■ **Collected data**:
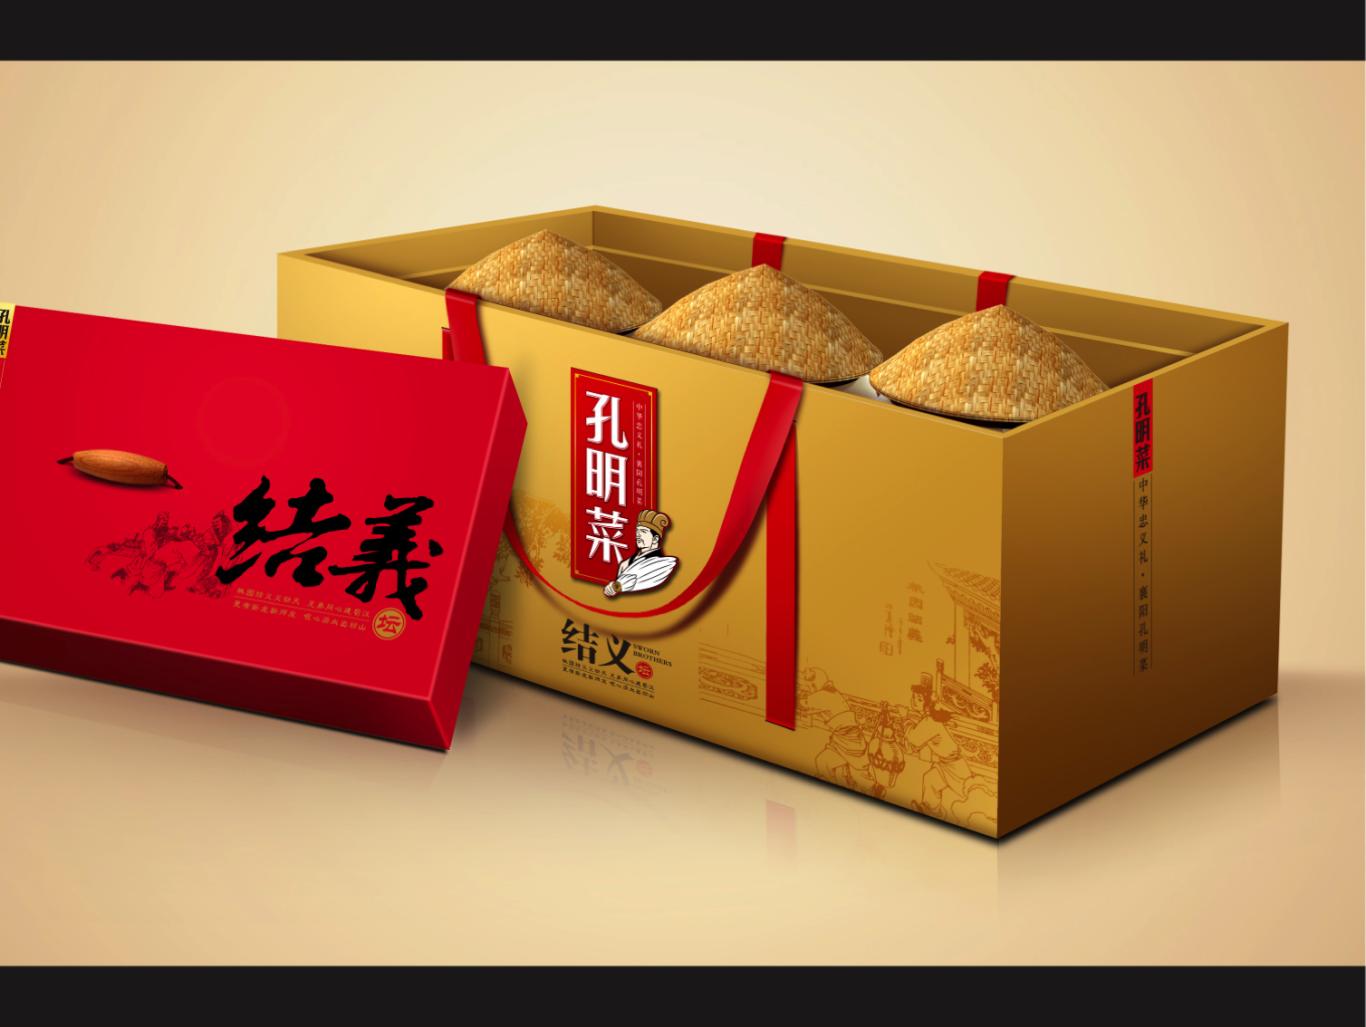 襄阳孔明菜系列产品包装设计图8
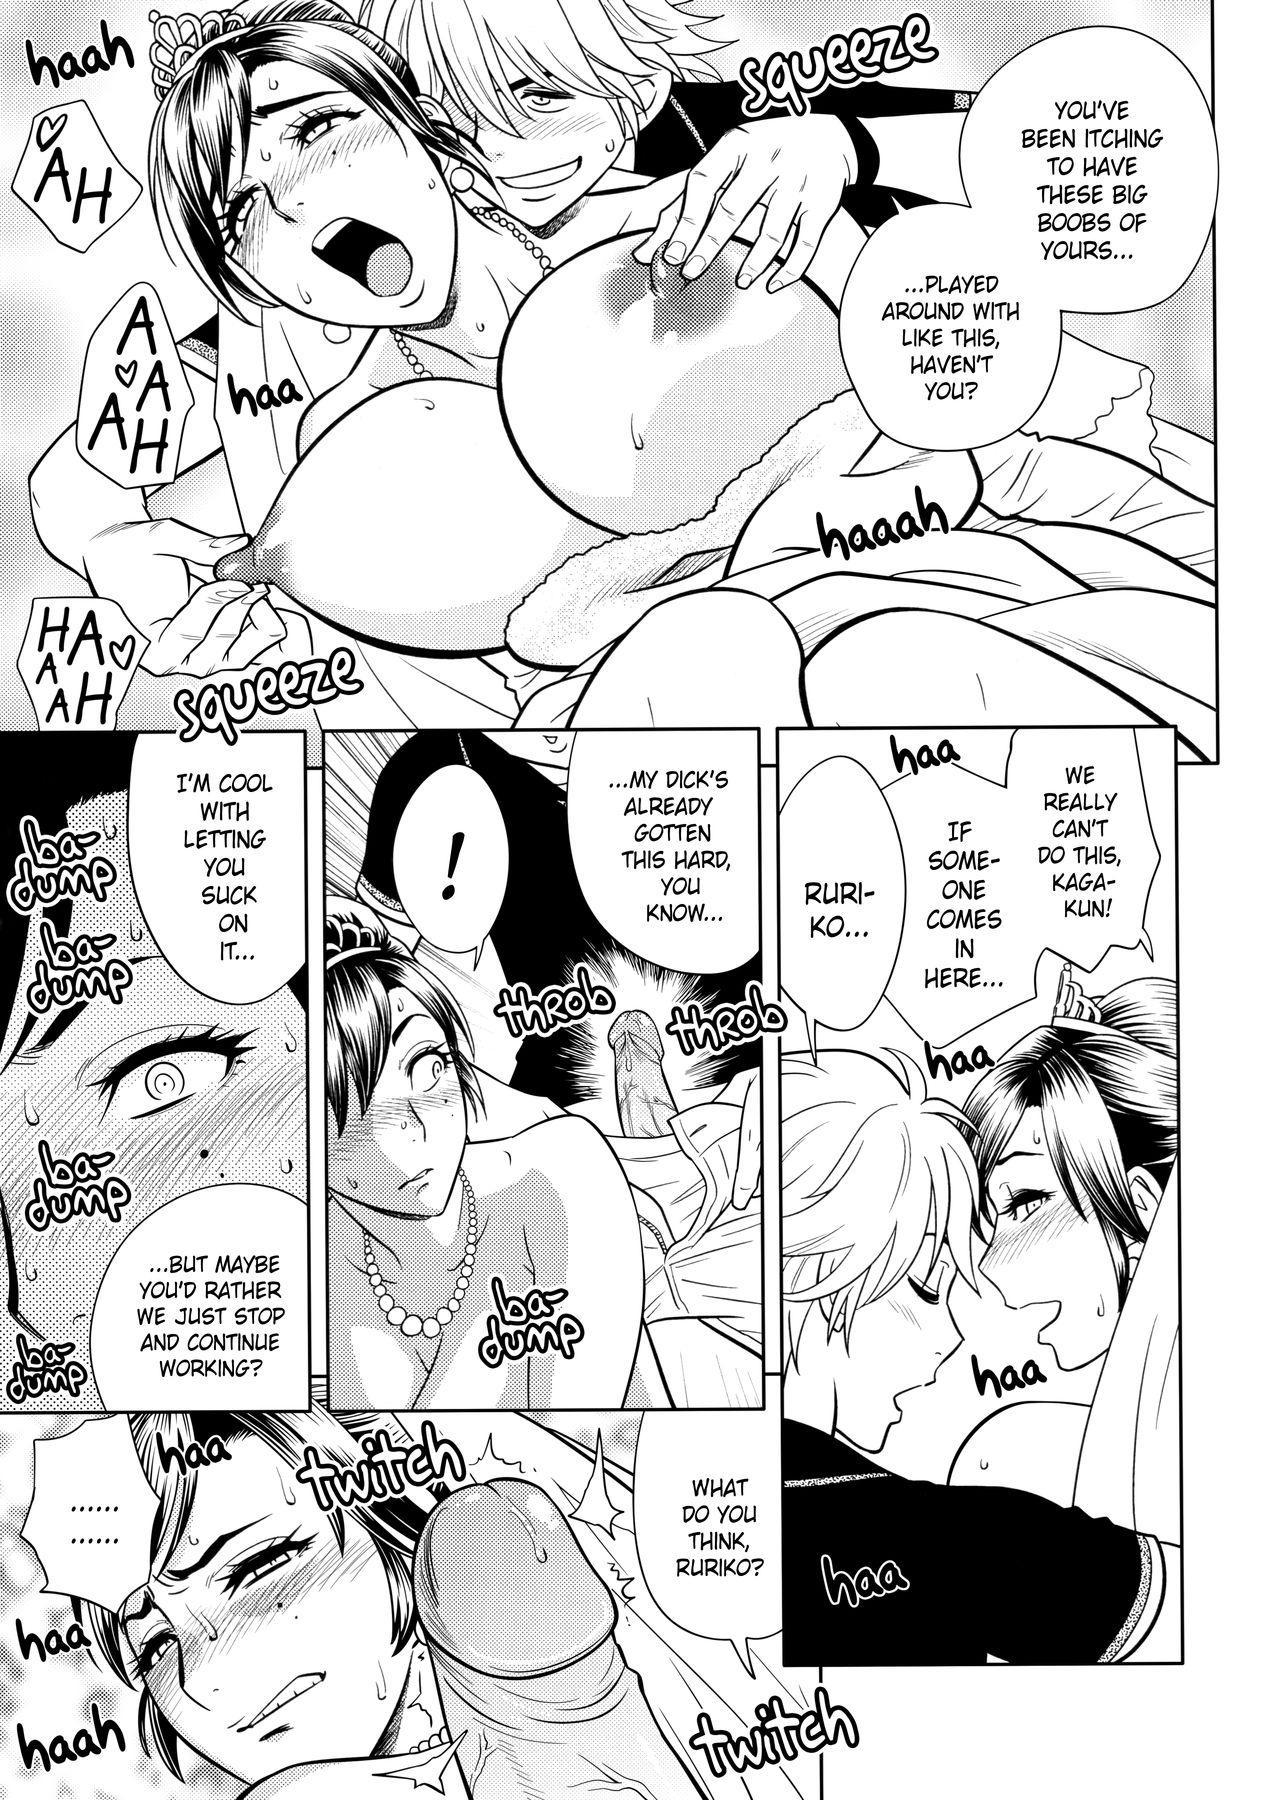 [Tatsunami Youtoku, Yamazaki Masato] Bijin Henshuu-chou no Himitsu | Beautiful Editor-in-Chief's Secret Ch. 1-5 [English] [Forbiddenfetish77, Red Vodka, Crystalium] [Decensored] 90
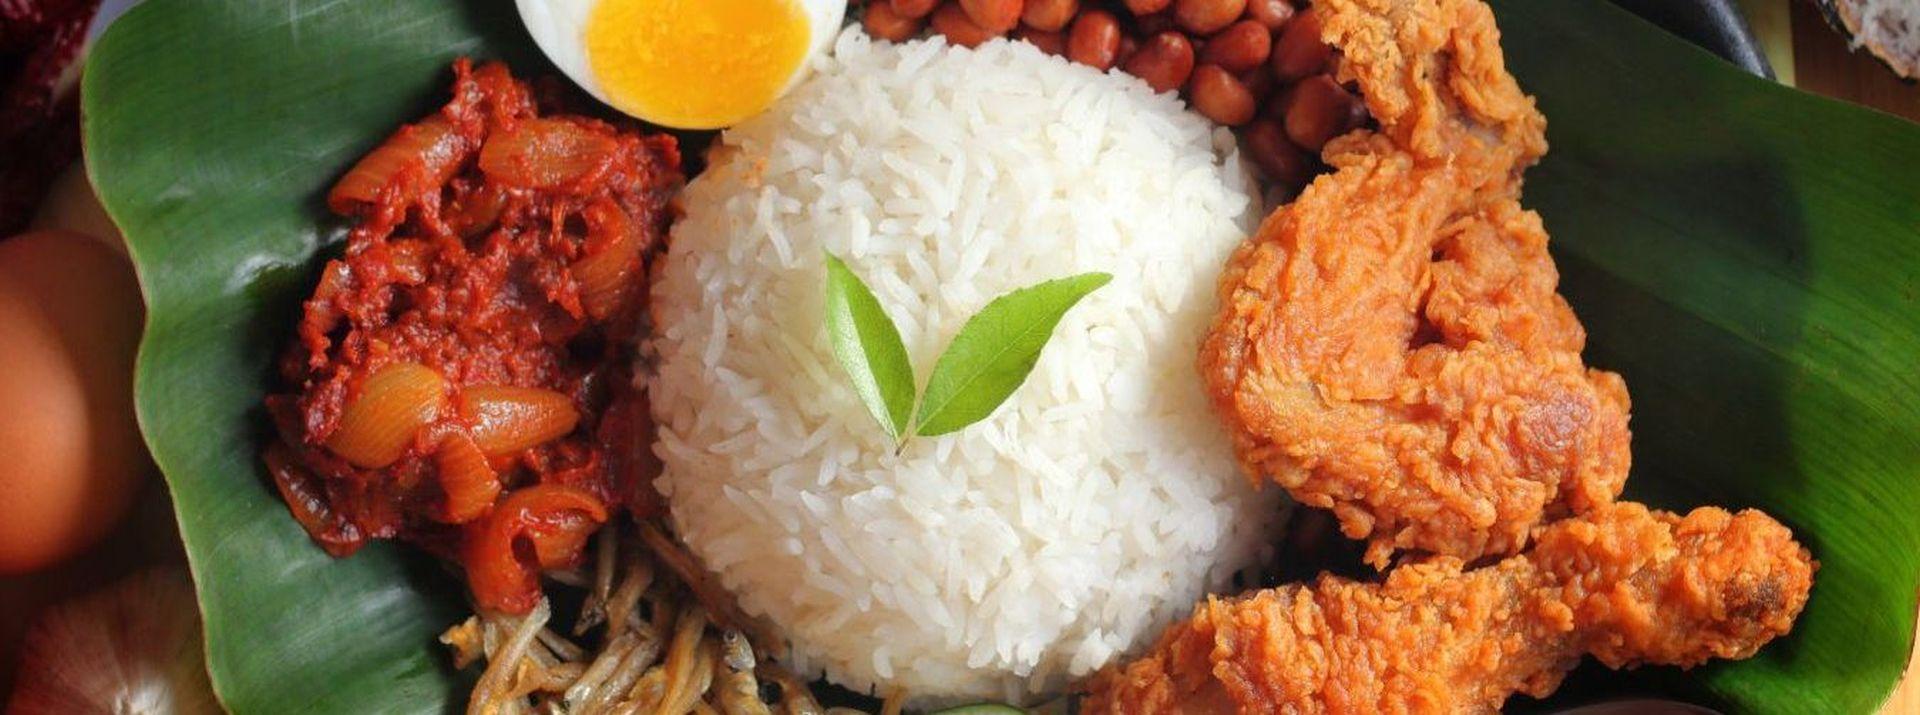 Indonesische Keuken San Wah
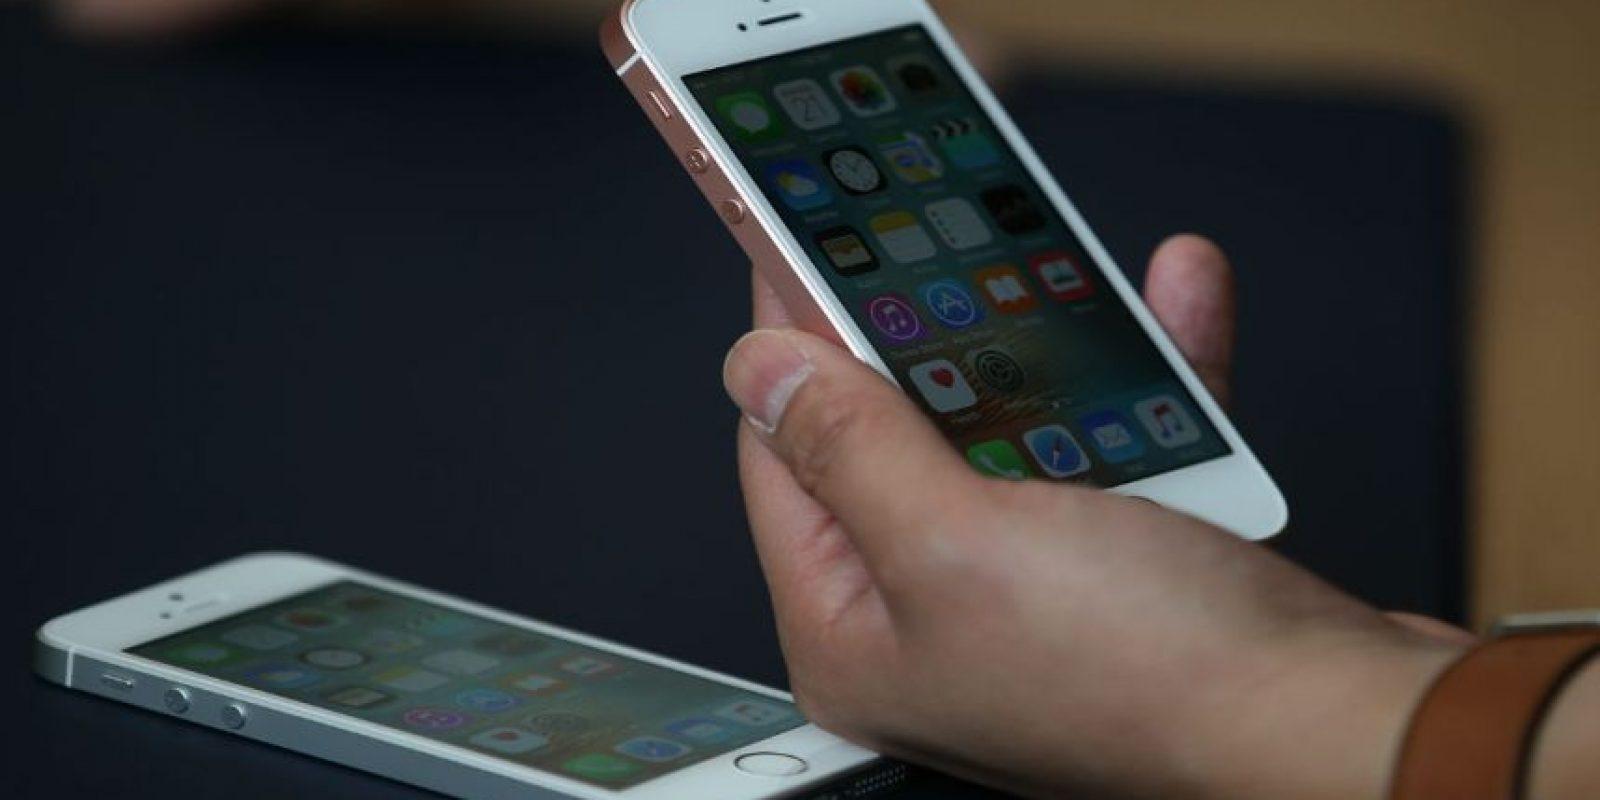 Los iPhone son los teléfonos más vendidos a nivel mundial. Foto:Getty Images. Imagen Por:

■ **Task item**:
Nothing should appear in the answer except the lines from the first line of the data through the line holding "Indonesische Keuken San Wah", exactly as written, with pictures left out.

■ **The completed task**:
 襄阳孔明菜系列产品包装设计图8
 [Tatsunami Youtoku, Yamazaki Masato] Bijin Henshuu-chou no Himitsu | Beautiful Editor-in-Chief's Secret Ch. 1-5 [English] [Forbiddenfetish77, Red Vodka, Crystalium] [Decensored] 90
 Indonesische Keuken San Wah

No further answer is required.